What is a 'Hostile Takeover Bid'

A hostile takeover bid occurs when an entity attempts to take control of a publicly traded company without the consent or cooperation of the target company's board of directors. Since the board won't give its approval, the would-be acquirer has three methods at its disposal to gain control. The first is a tender offer, the second is a proxy fight, and the third is to buy the necessary company stock in the open market.

BREAKING DOWN 'Hostile Takeover Bid'

It is often difficult to acquire a controlling interest in a publicly-traded firm. There are multiple hostile takeover attempts in a typical year, but seldom are they effective. Reasons for wanting to acquire the company might be access to its distribution channels, client base, market share, technology, or because the acquirer thinks it can improve upon the target's current value and take advantage from stock price appreciation. 

Hostile Takeover Bid Tactics

There are two main tactics employed to acquire a controlling interest. First, the acquirer may make a tender offer to the company's shareholders. A tender offer is a bid to buy a controlling share of the target's stock at a fixed price. The price is usually set above the current market price in order to allow the sellers a premium as added incentive to sell their shares. This is a formal offer and my include specifications included by the acquirer such as an offer expiry window or other items. Paperwork must be filed with the SEC and the acquirer must provide a summary of its future plans for the target company in order to aid the target company's decision. There are many takeover defense strategies that protect against tender offers, so often times the proxy fight is utilized.

The goal of a proxy fight is to replace board members who are not in favor of the takeover with new board members who would vote for the takeover.
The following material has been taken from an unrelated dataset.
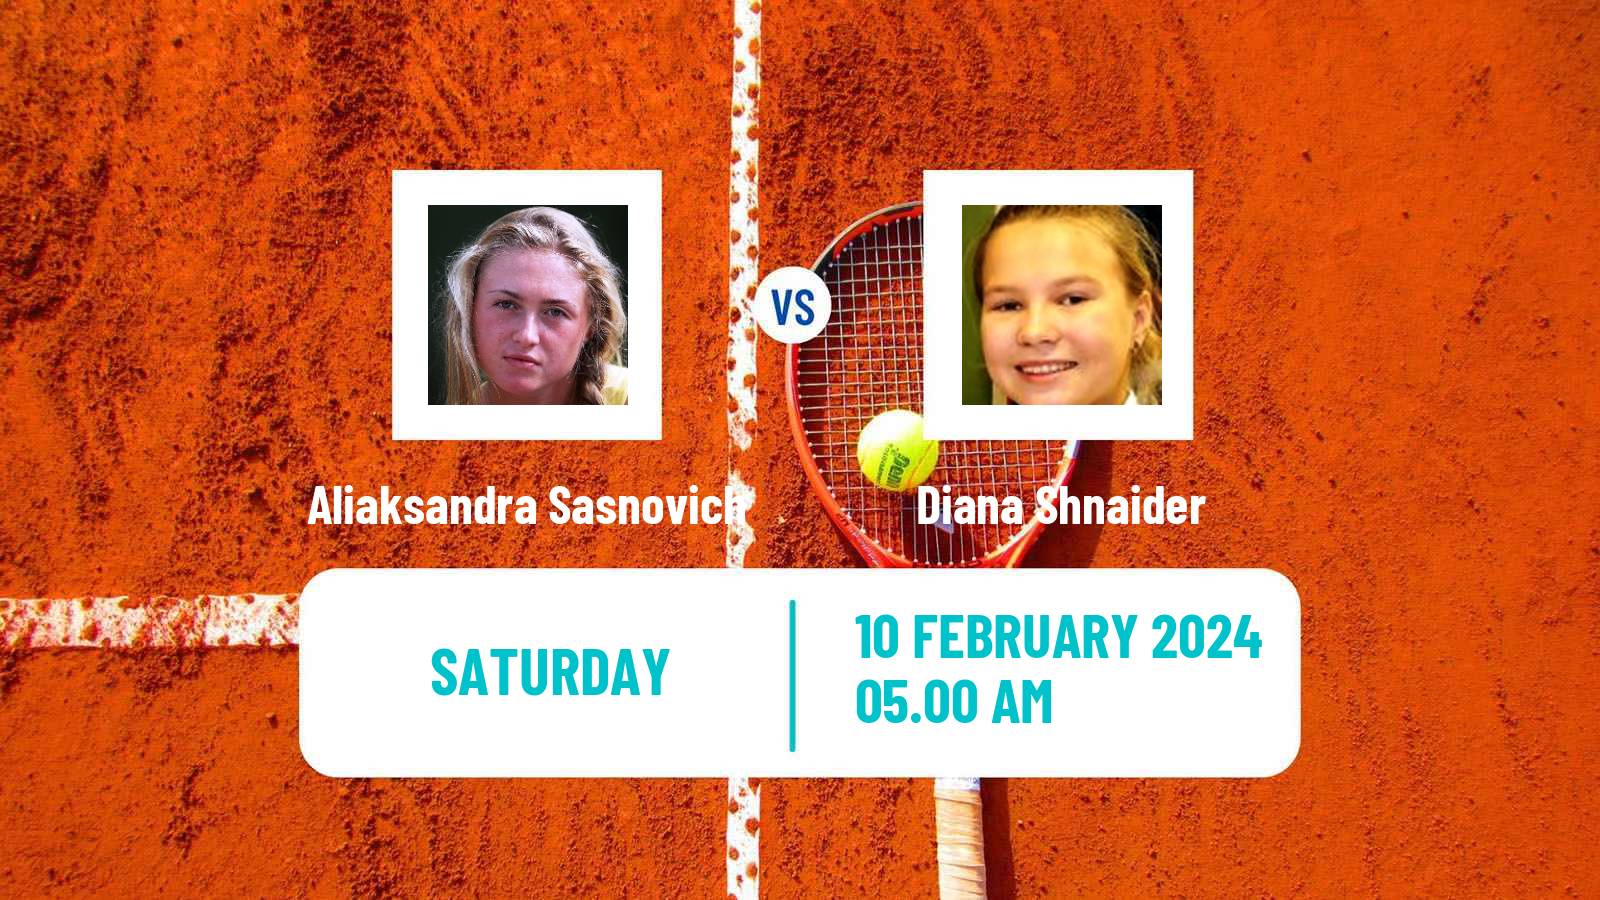 Tennis WTA Doha Aliaksandra Sasnovich - Diana Shnaider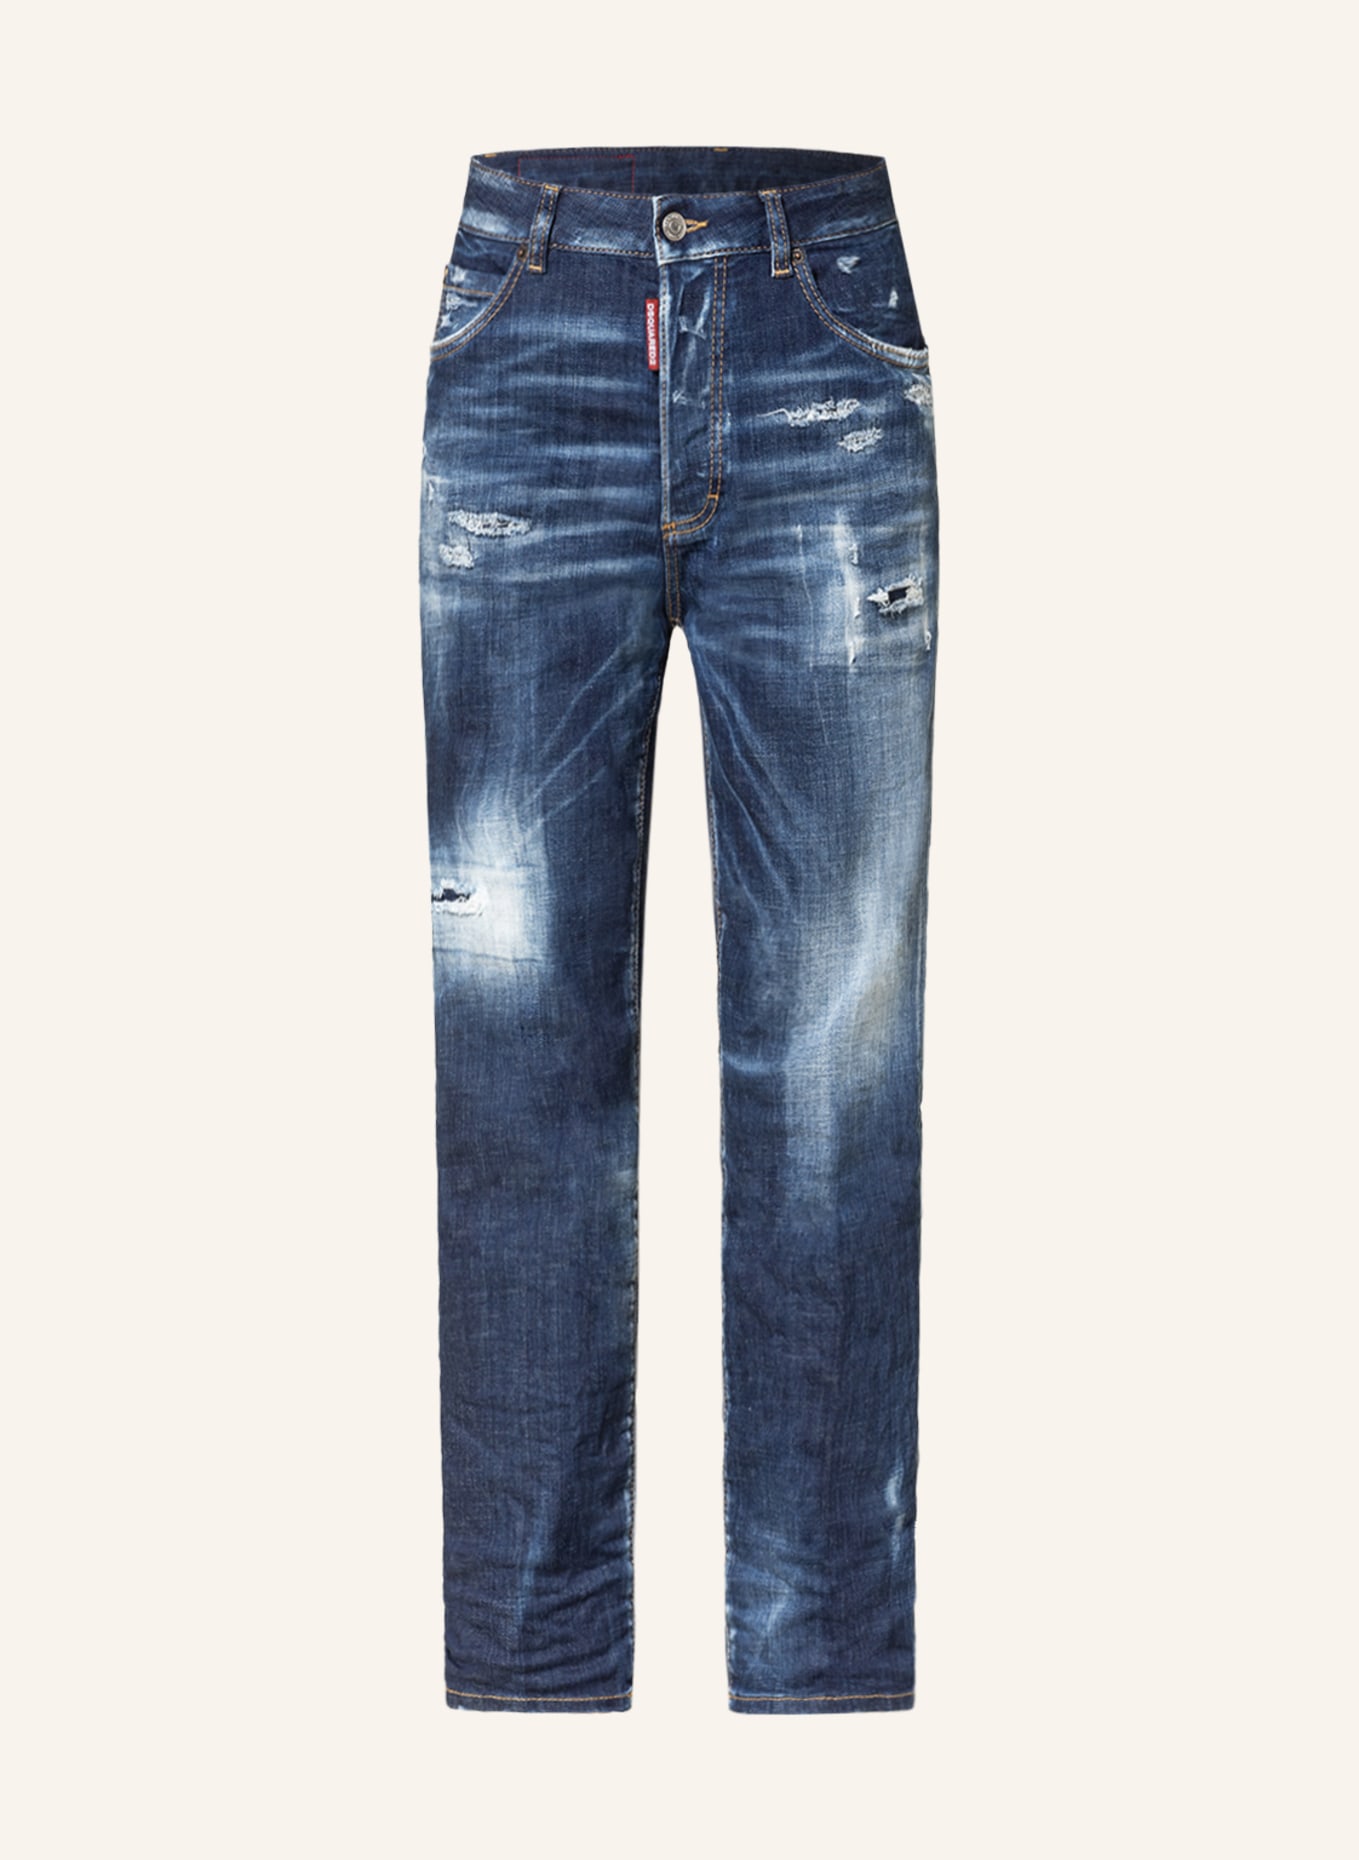 DSQUARED2 Jeans BOSTON, Farbe: 470 NAVY BLUE (Bild 1)

This is done by convincing shareholders that a change is management is needed and that the board members who would be appointed by the would-be acquirer are just what the doctor ordered. Once shareholders like the idea of a change in management, they are persuaded to allow the potential acquirer to vote their shares by proxy in favor of the new board member of their choice. If the proxy fight is successful, new board members are installed who will vote in favor of the target's acquisition.

If all else fails, a controlling share of the target's stock can be purchased publicly in the open market.